* _ACTIVITY_: With every picture left out, give the data below back exactly.

* _DATA BELOW_:
[Start of Attachment]
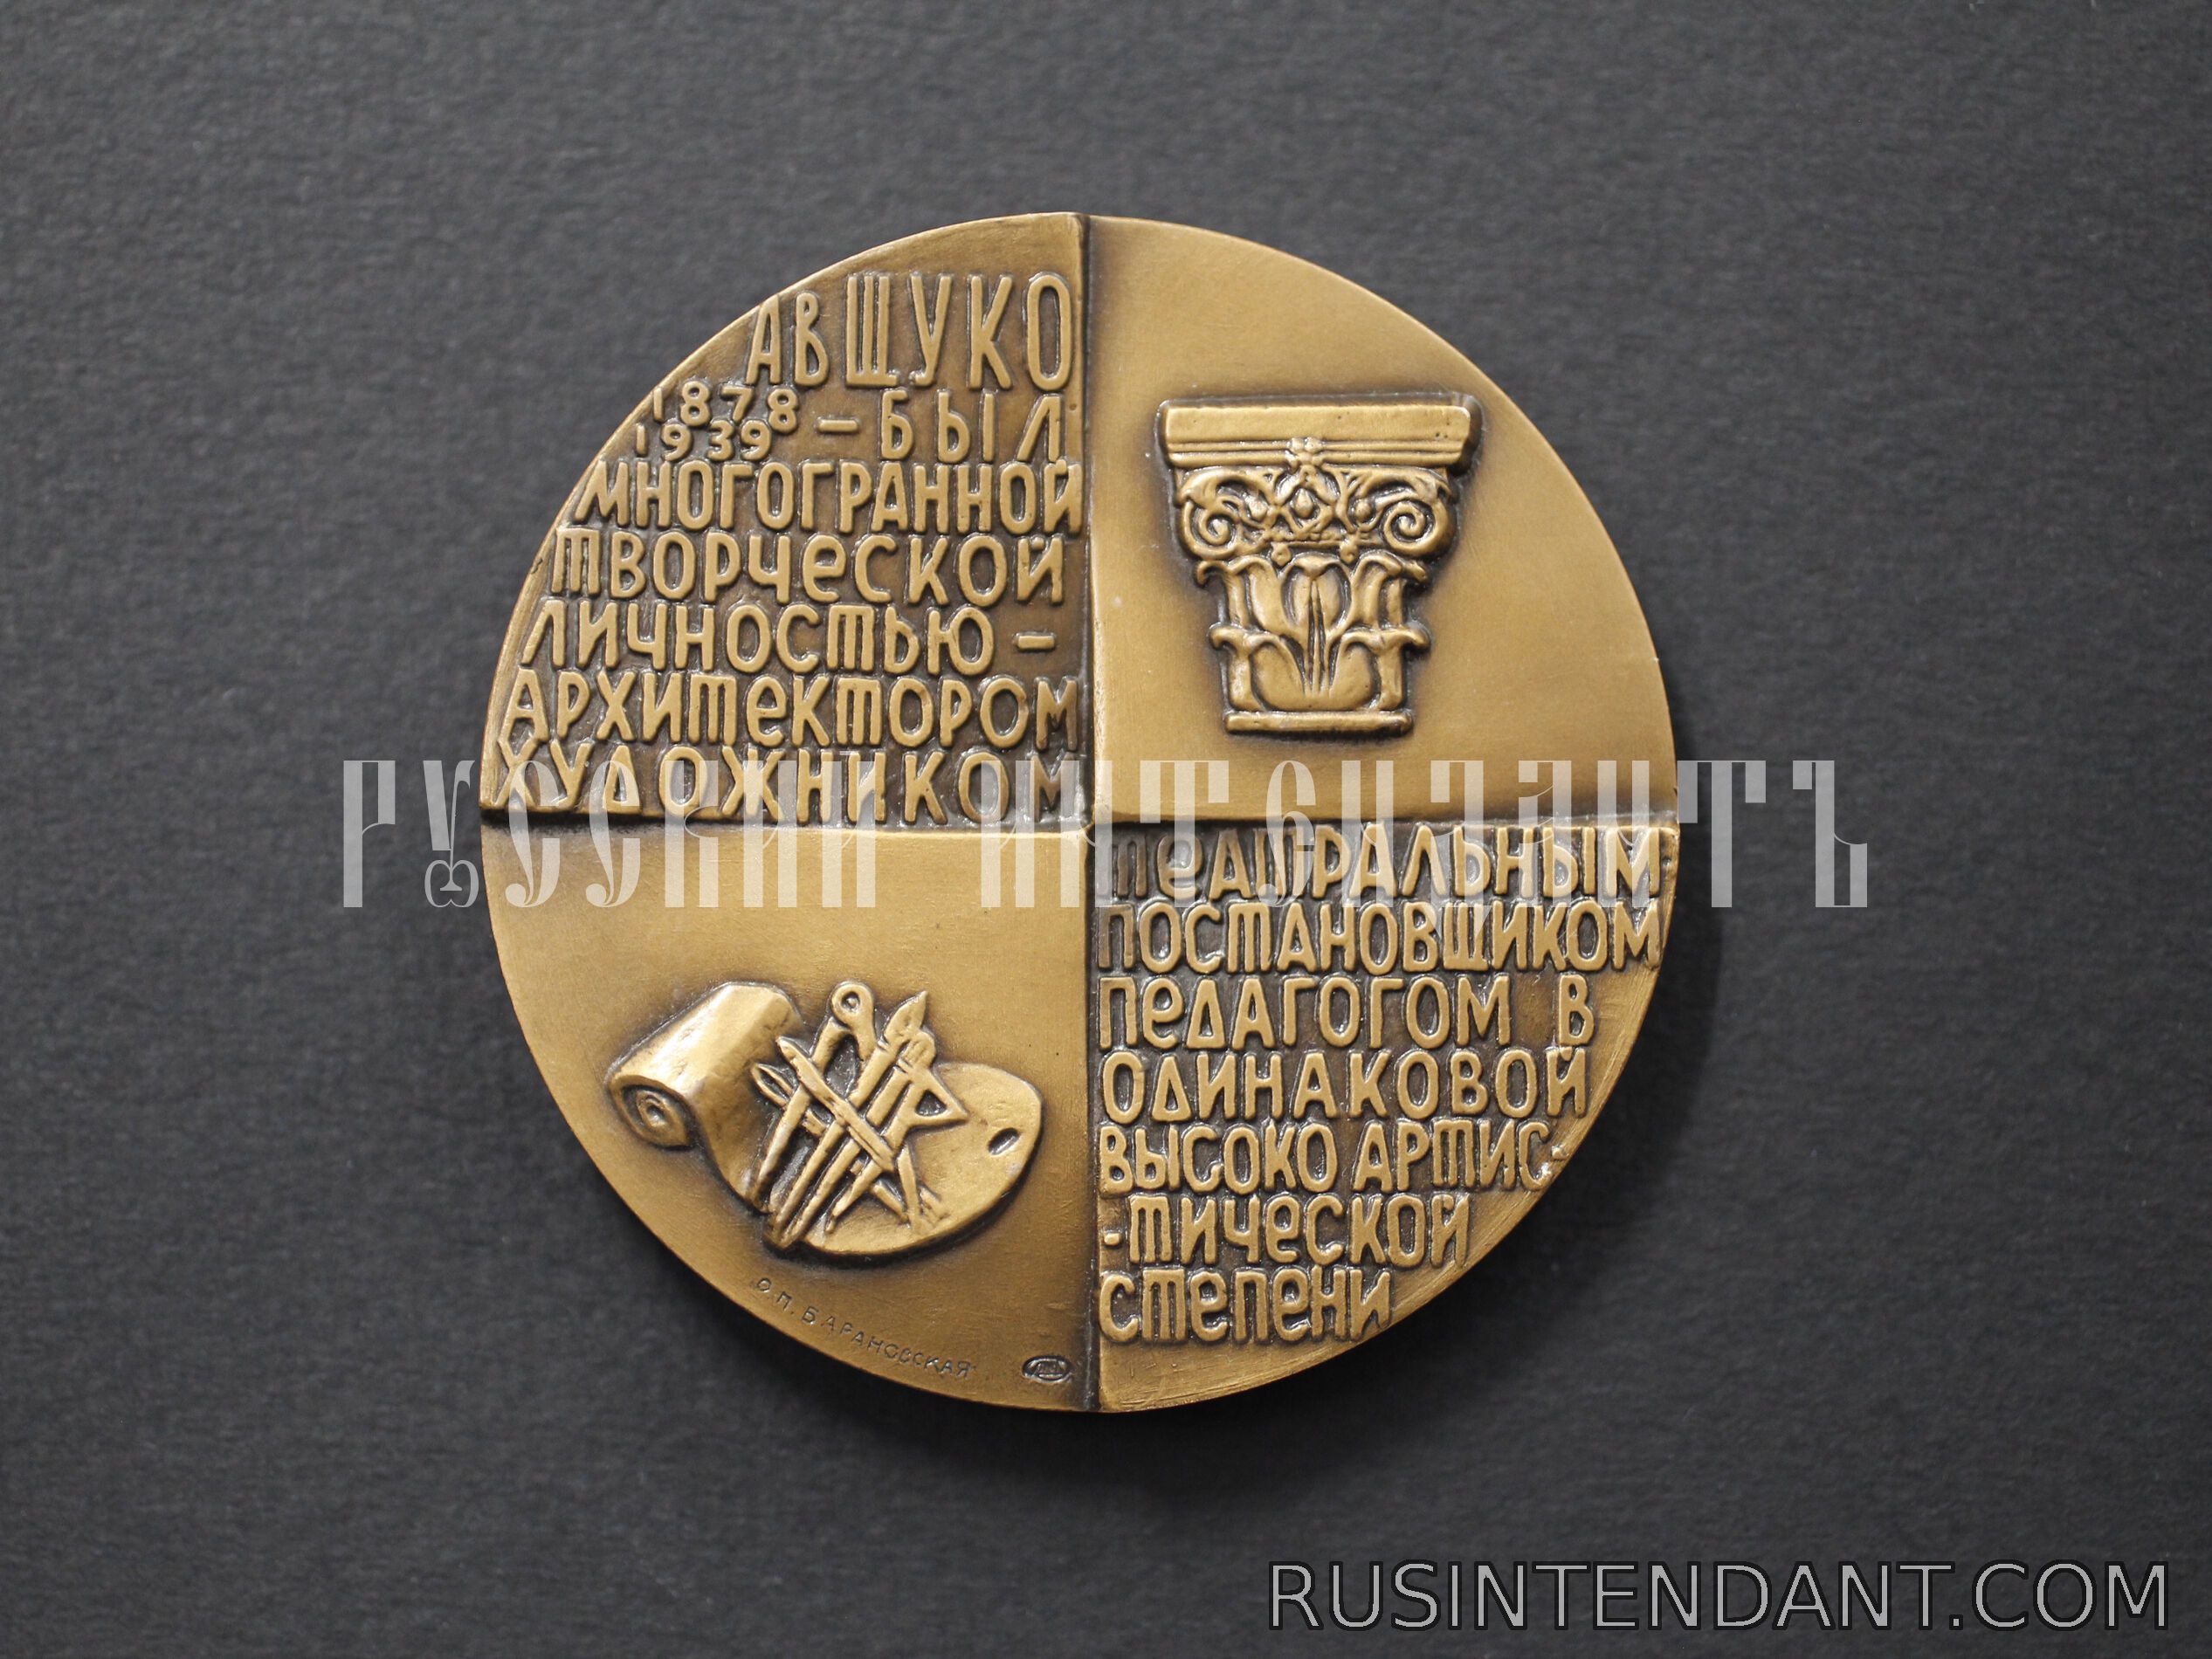 Фото 2: Настольная медаль «В.А. Щуко» 
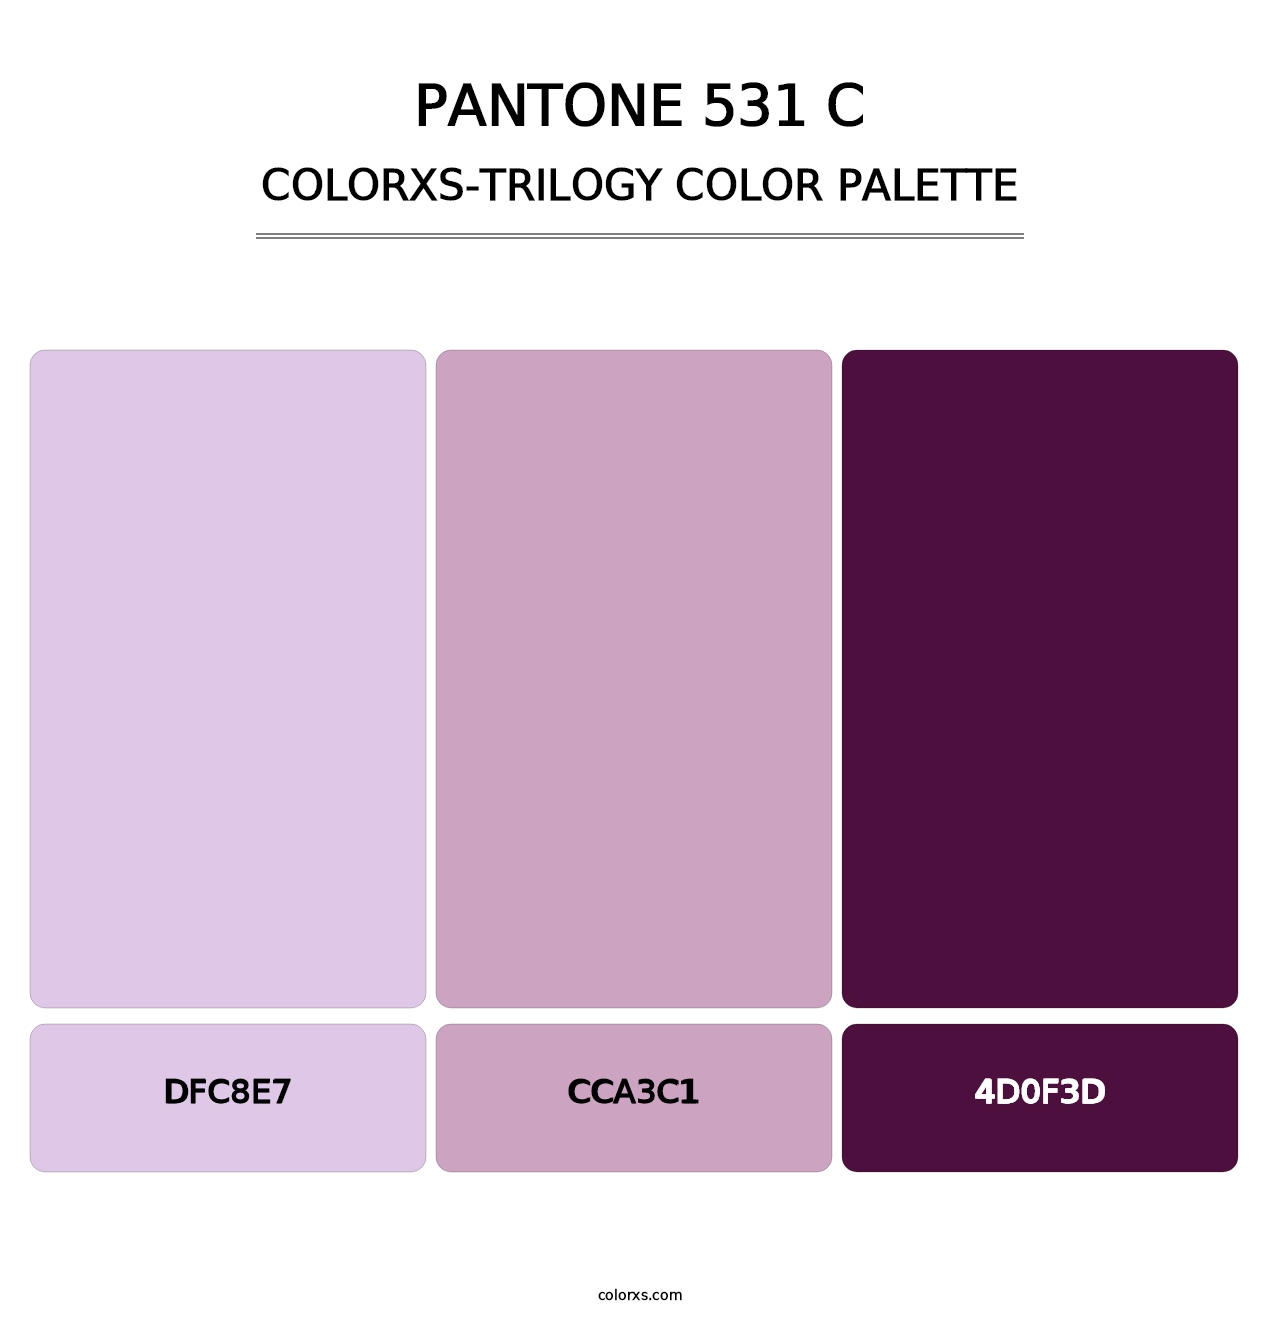 PANTONE 531 C - Colorxs Trilogy Palette
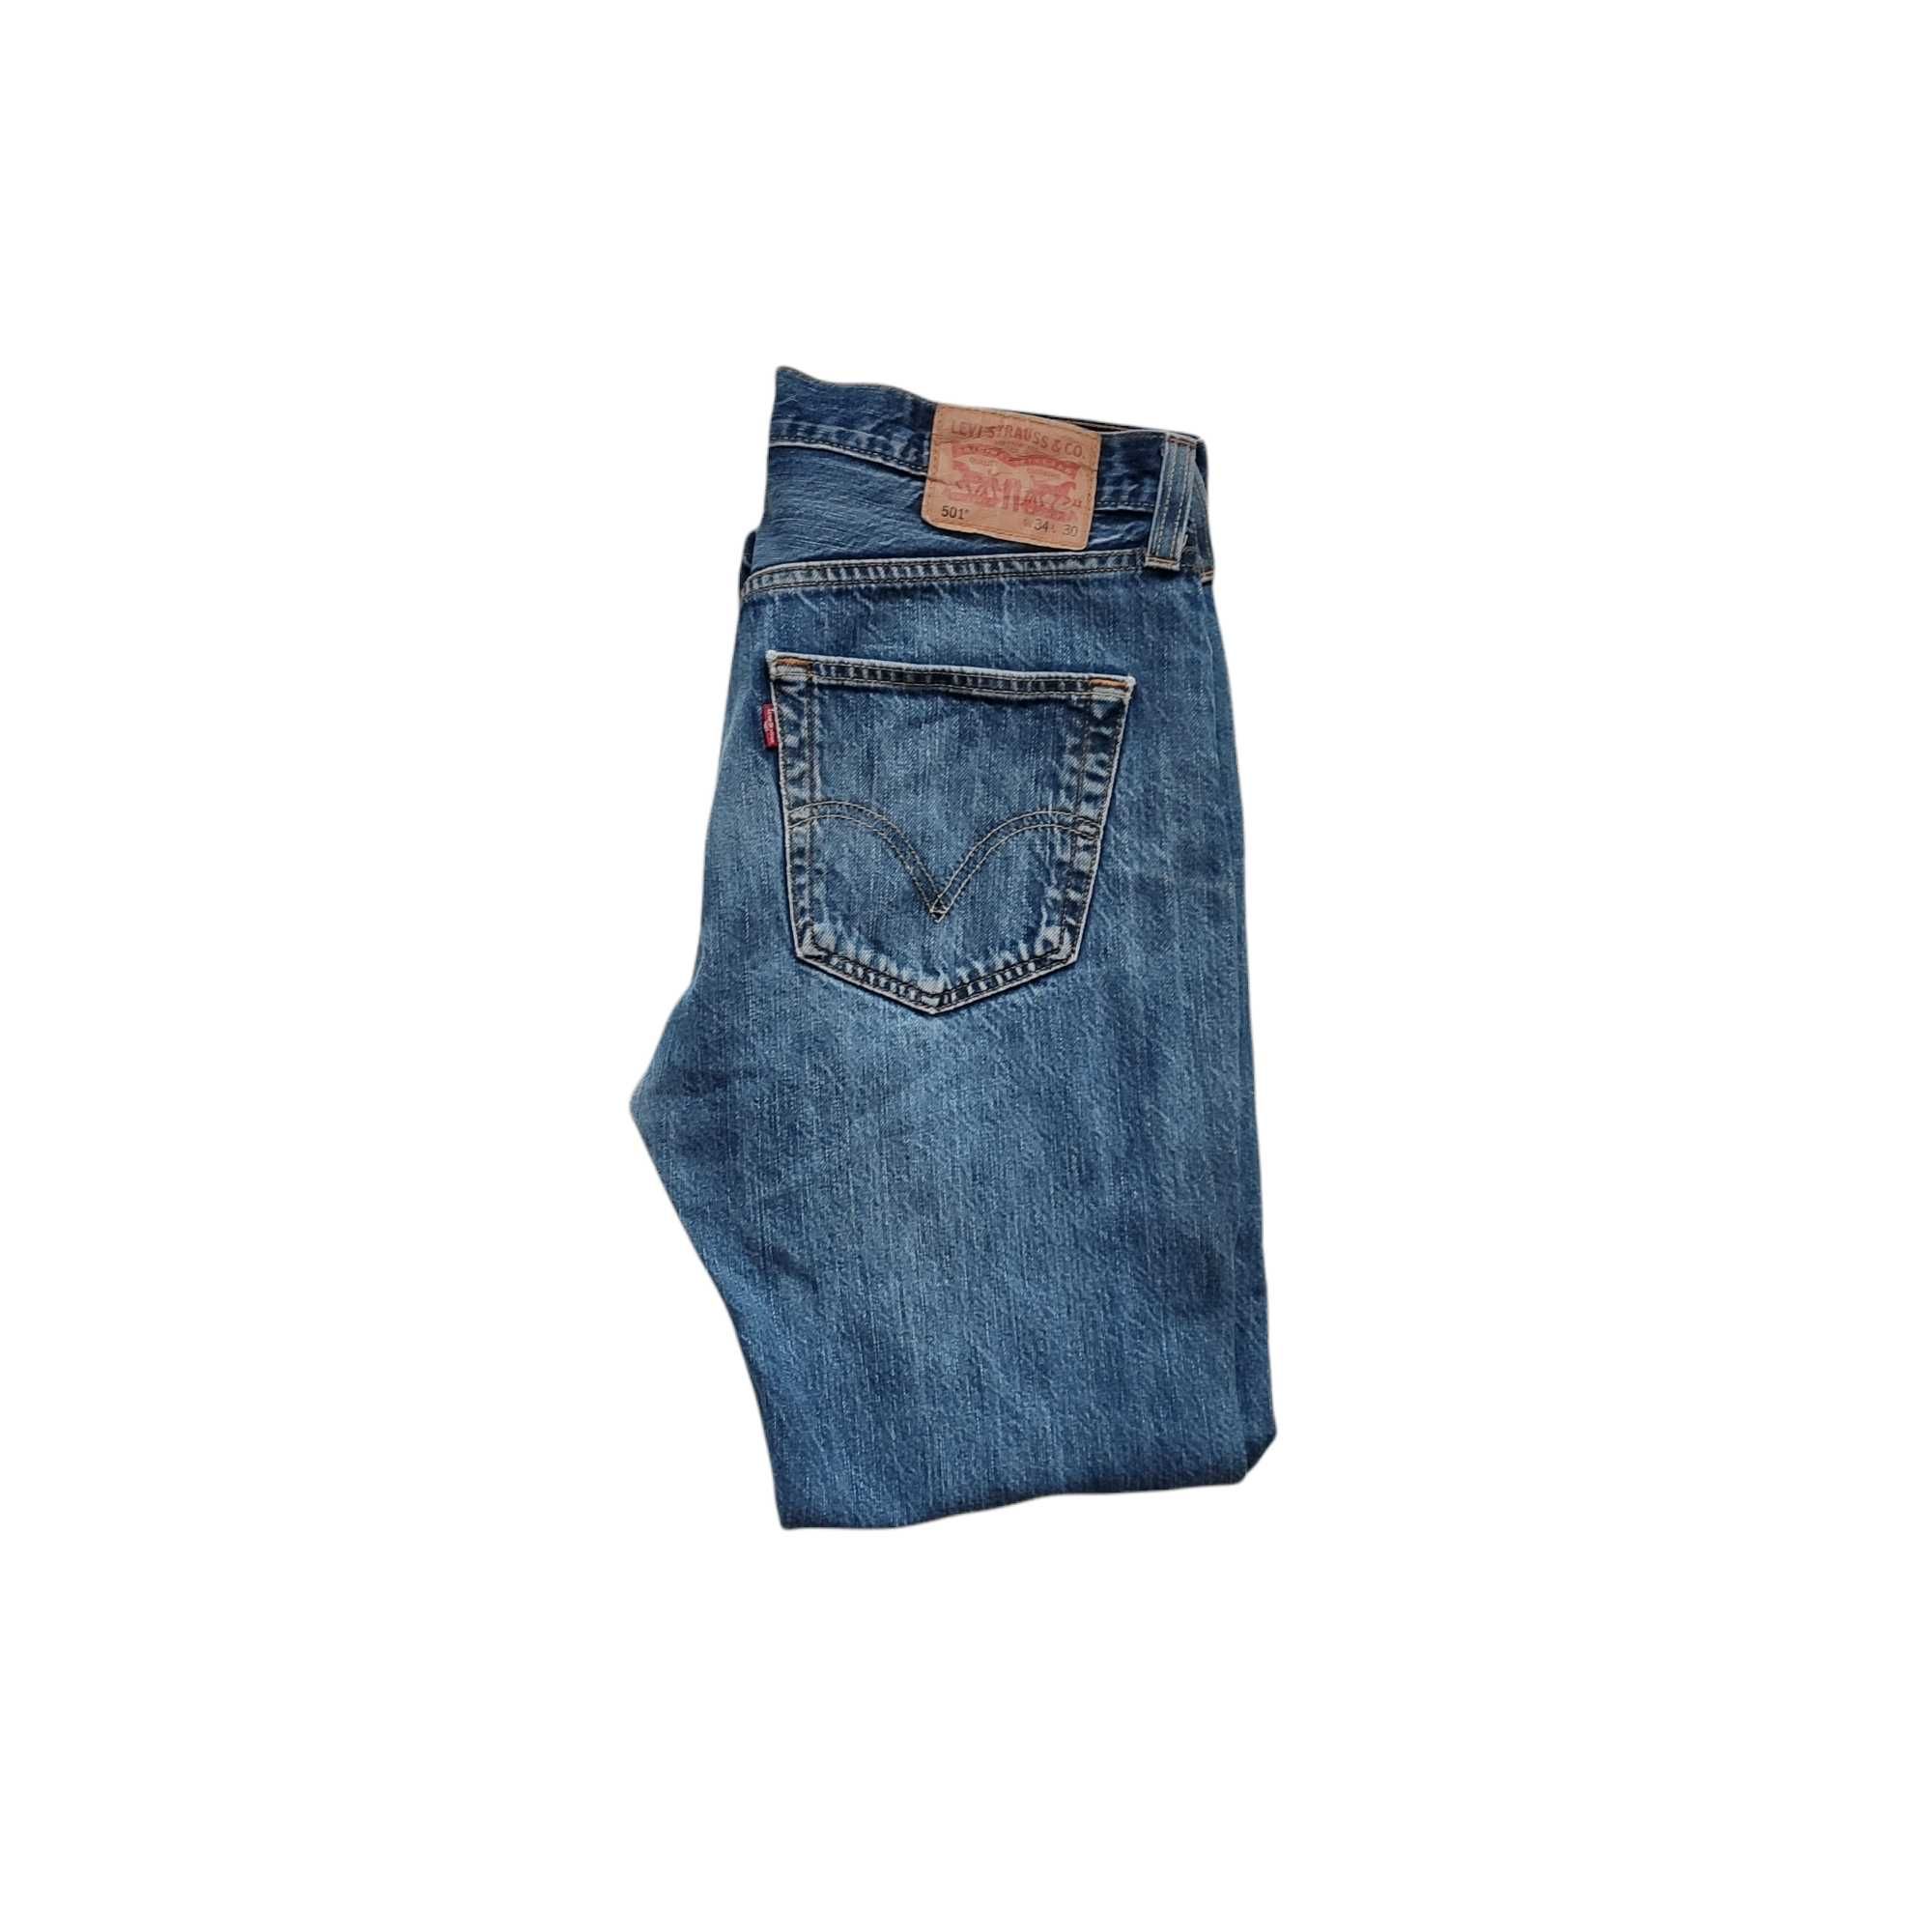 Levi's 501 W34/L30, spodnie jeansowe, stan bardzo dobry
[End of Attachment]
* _TASK ANSWER_:
 Фото 2: Настольная медаль «В.А. Щуко» 
 PANTONE 531 C - Colorxs Trilogy Palette
 Levi's 501 W34/L30, spodnie jeansowe, stan bardzo dobry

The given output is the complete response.